WORK ITEM:
An exact copy is required of every line from the one with "Cinnamon Fig Costa Rica Decaf Coffee - Label" through the end of the data below, and the pictures must stay out of it.

EXERCISE DATA:
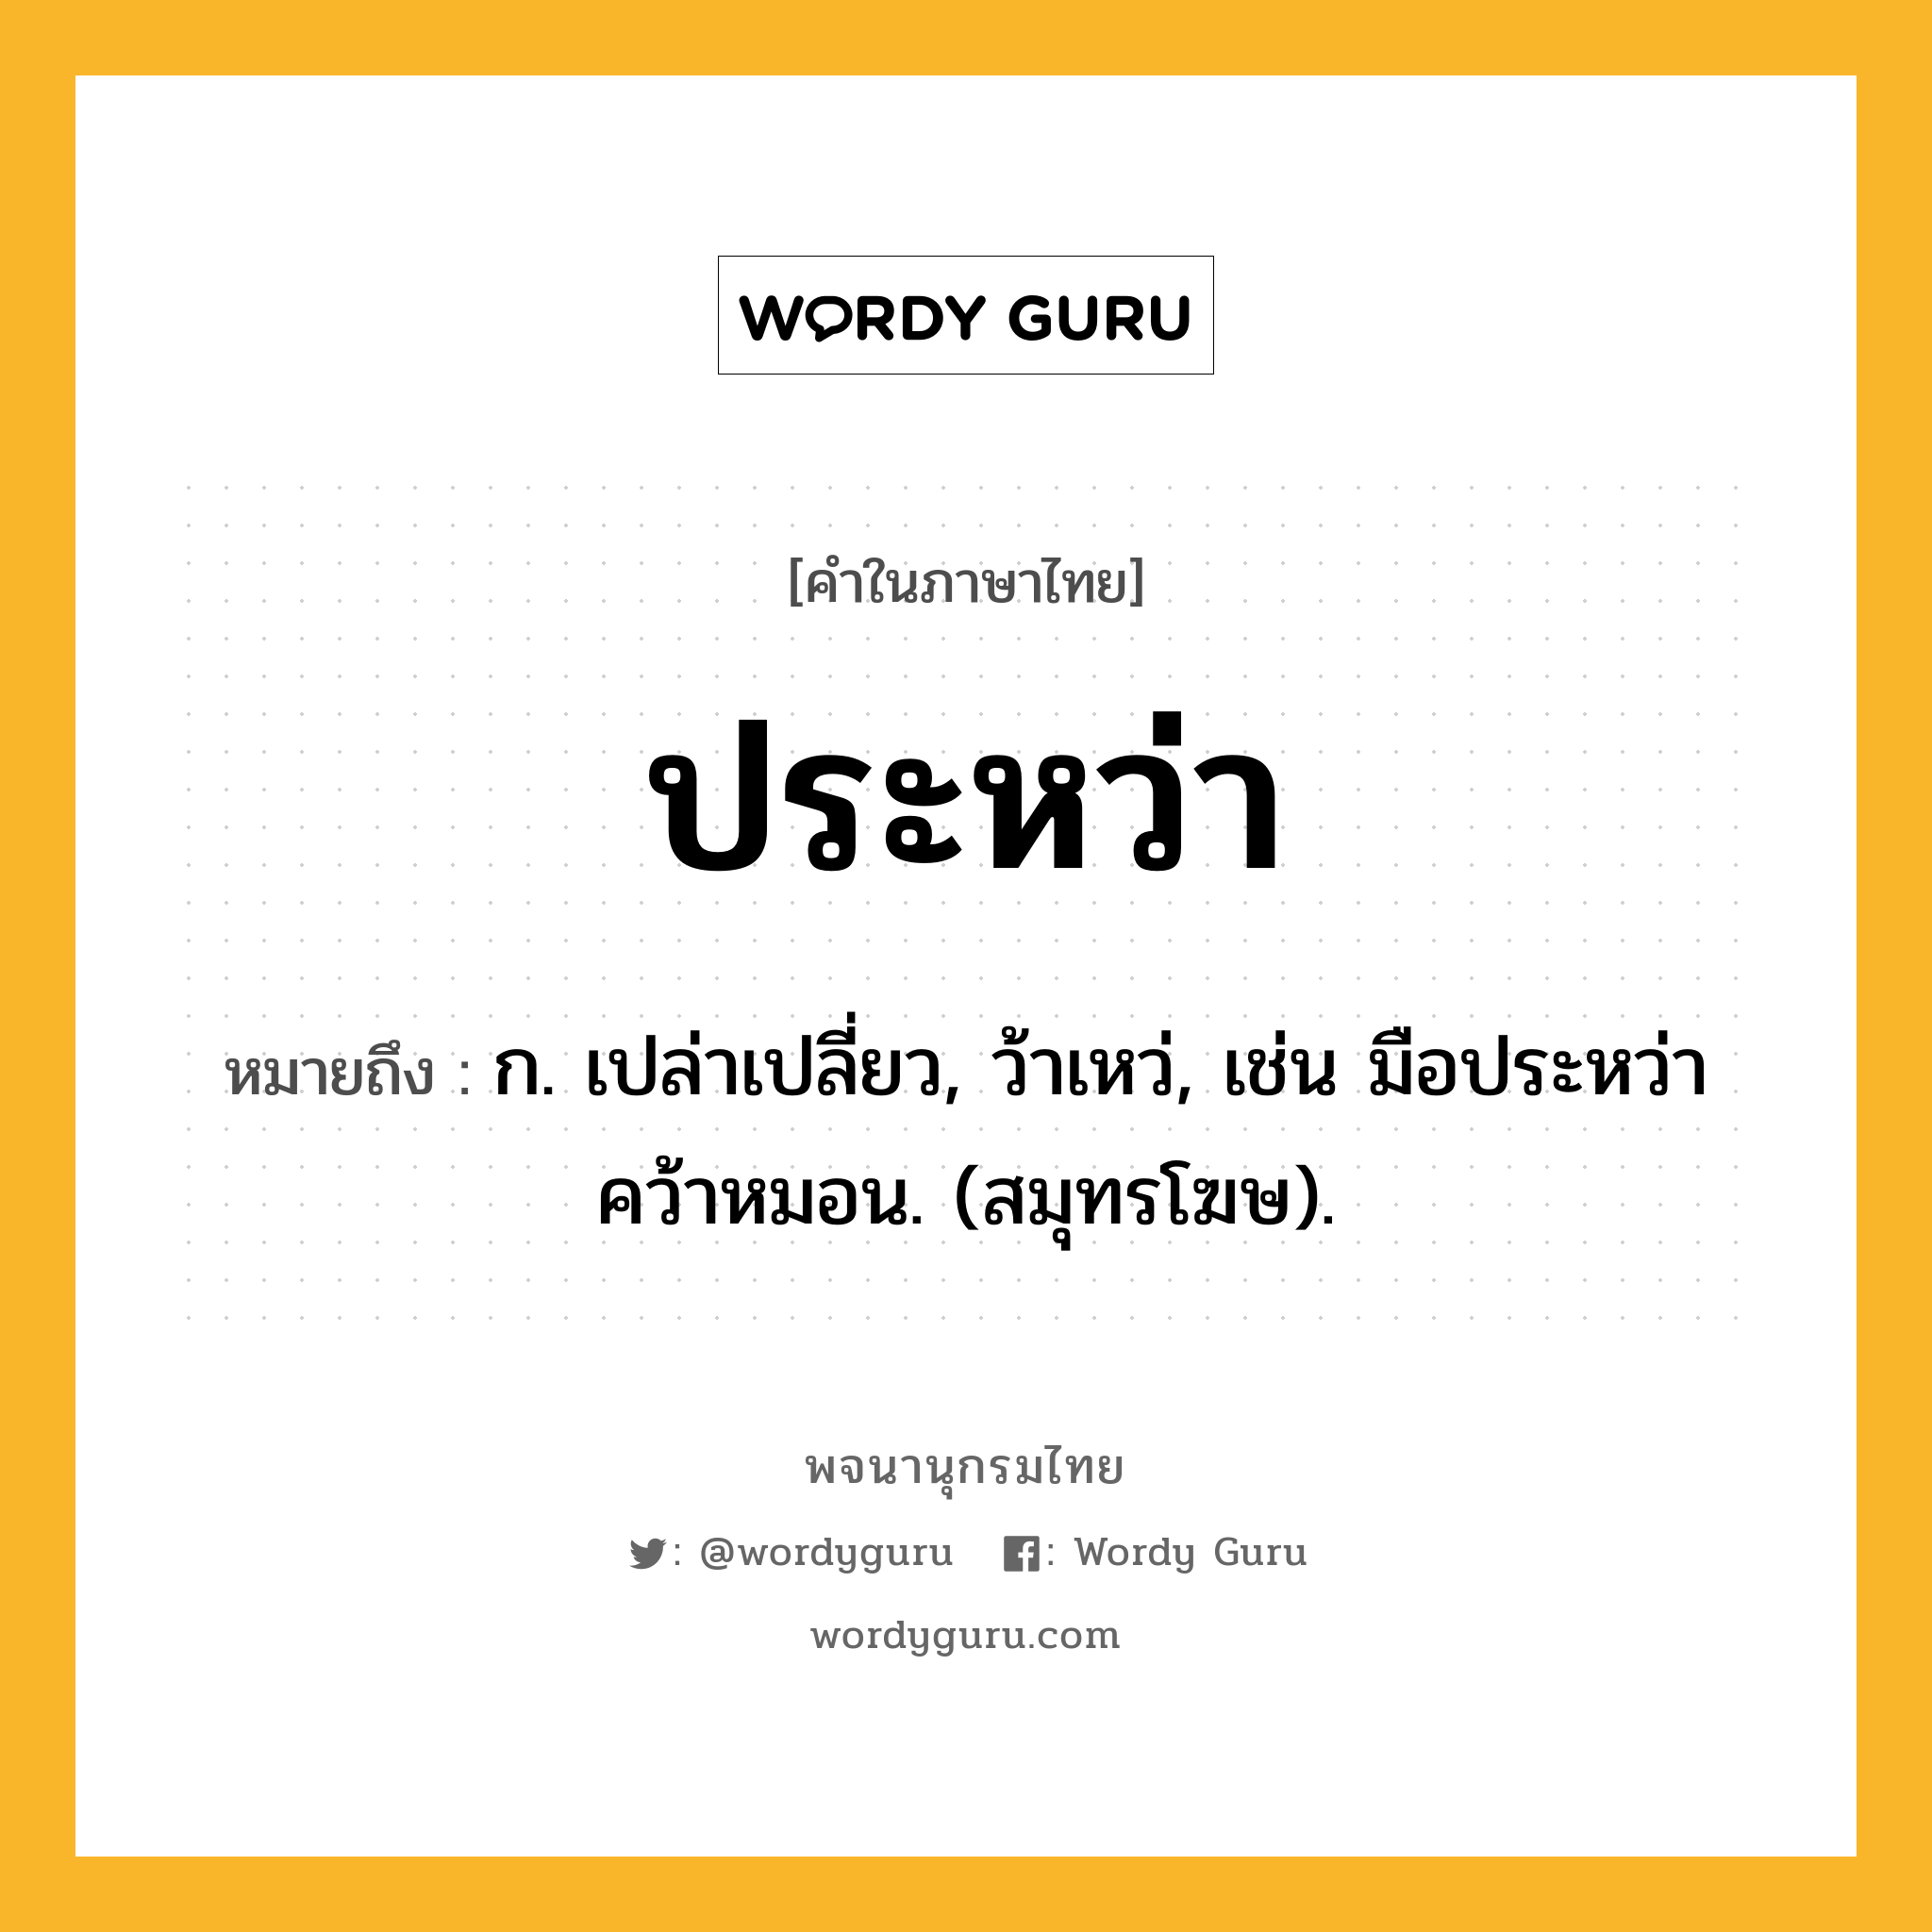 ประหว่า หมายถึงอะไร?, คำในภาษาไทย ประหว่า หมายถึง ก. เปล่าเปลี่ยว, ว้าเหว่, เช่น มือประหว่าคว้าหมอน. (สมุทรโฆษ).
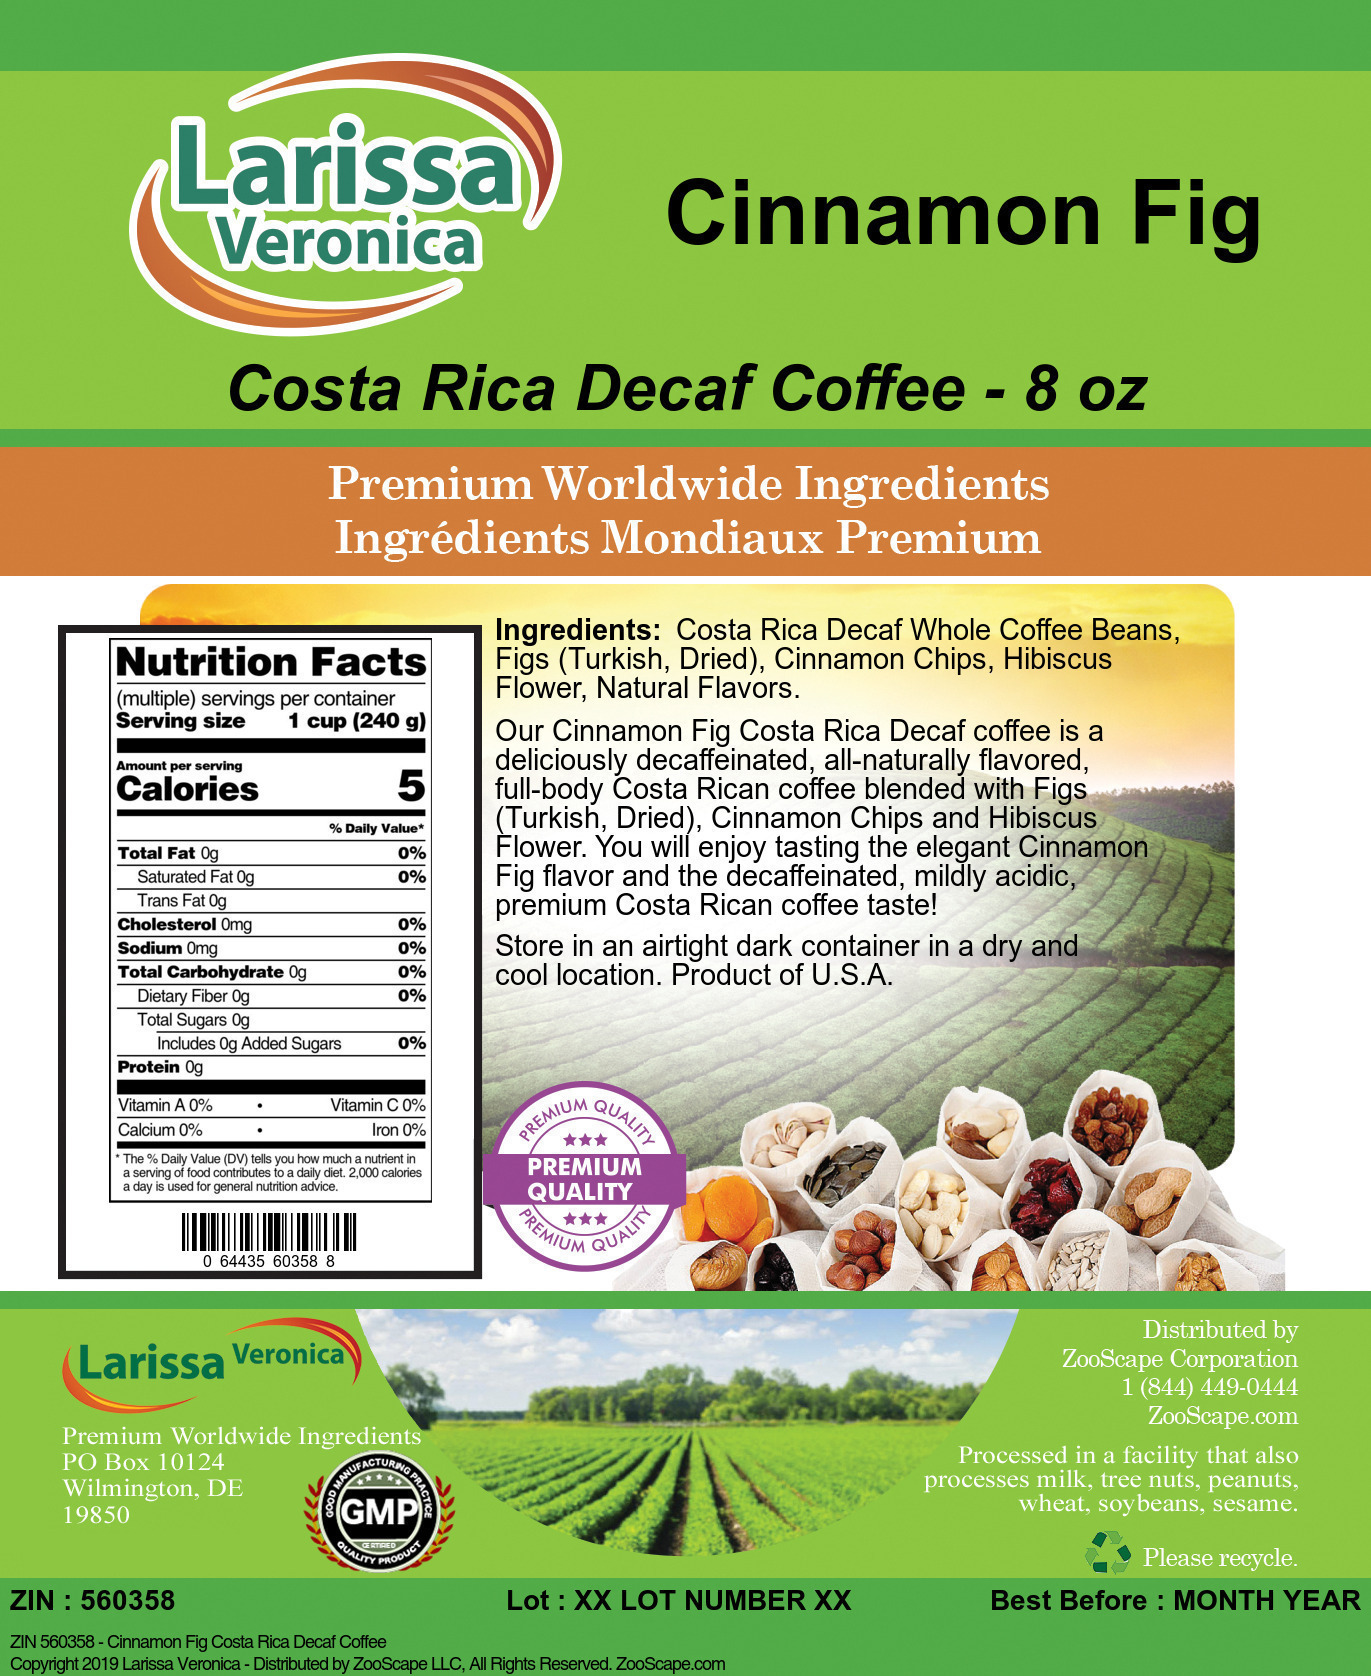 Cinnamon Fig Costa Rica Decaf Coffee - Label
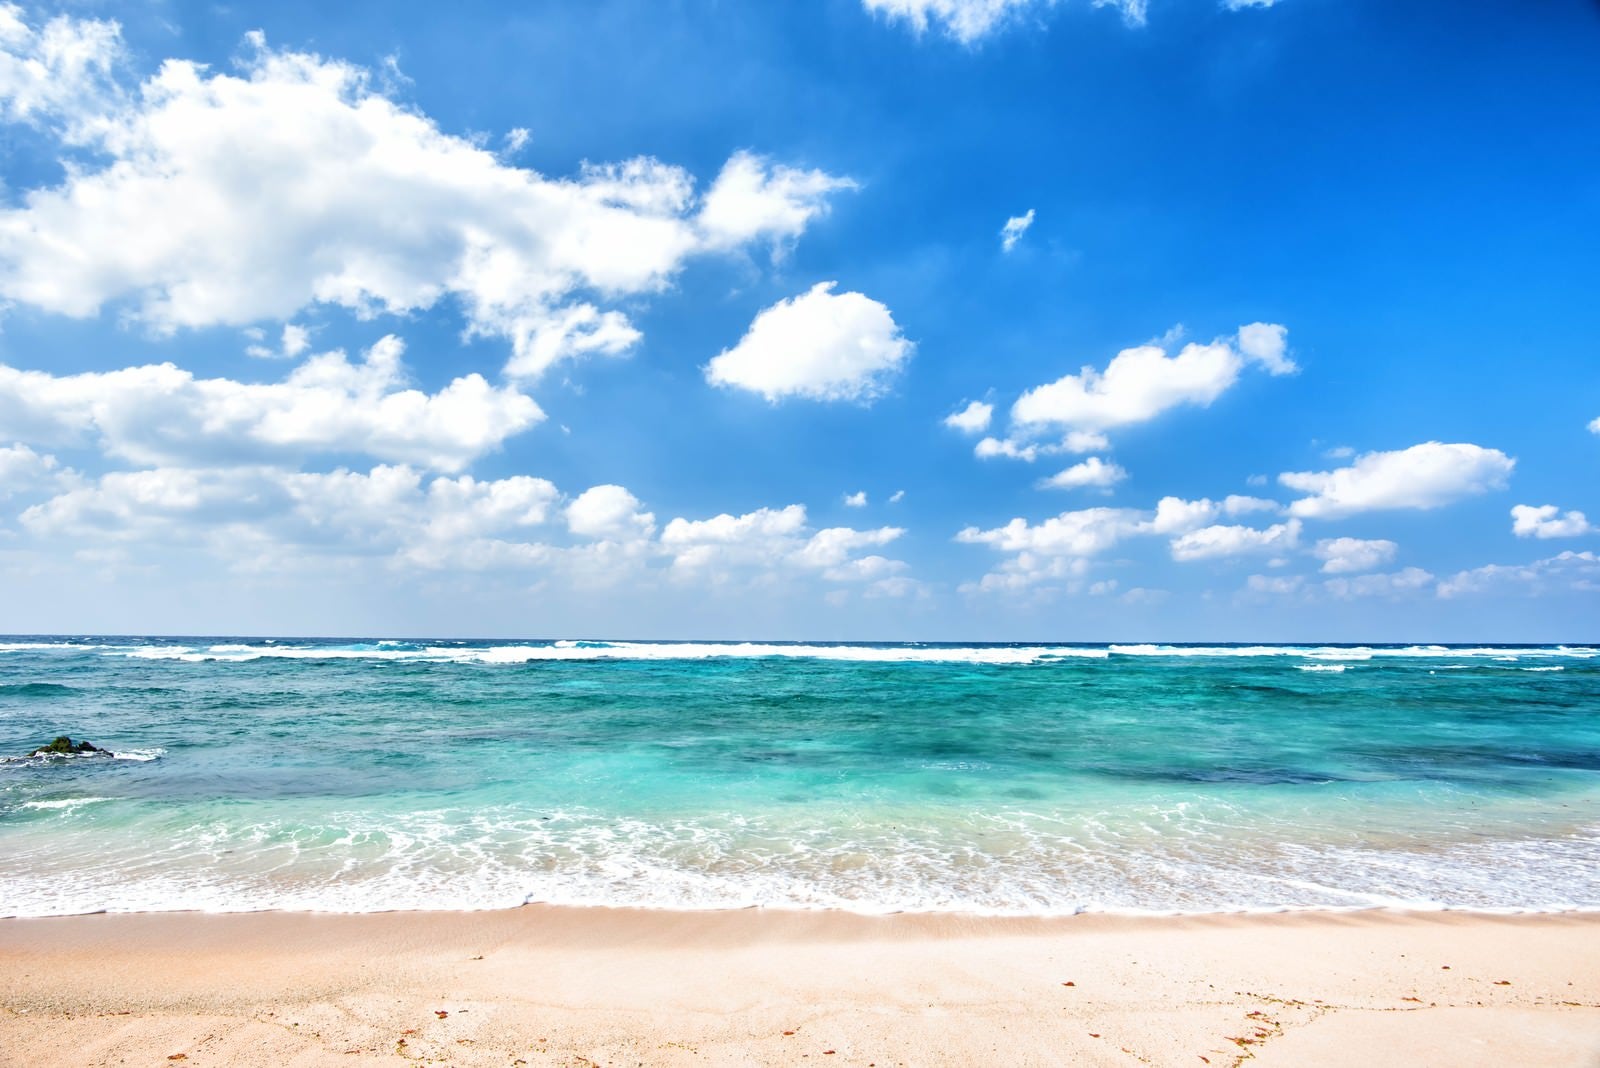 「青い空とエメラルドグリーンの海」の写真

TASK RESPONSE:
 Cinnamon Fig Costa Rica Decaf Coffee - Label
 「青い空とエメラルドグリーンの海」の写真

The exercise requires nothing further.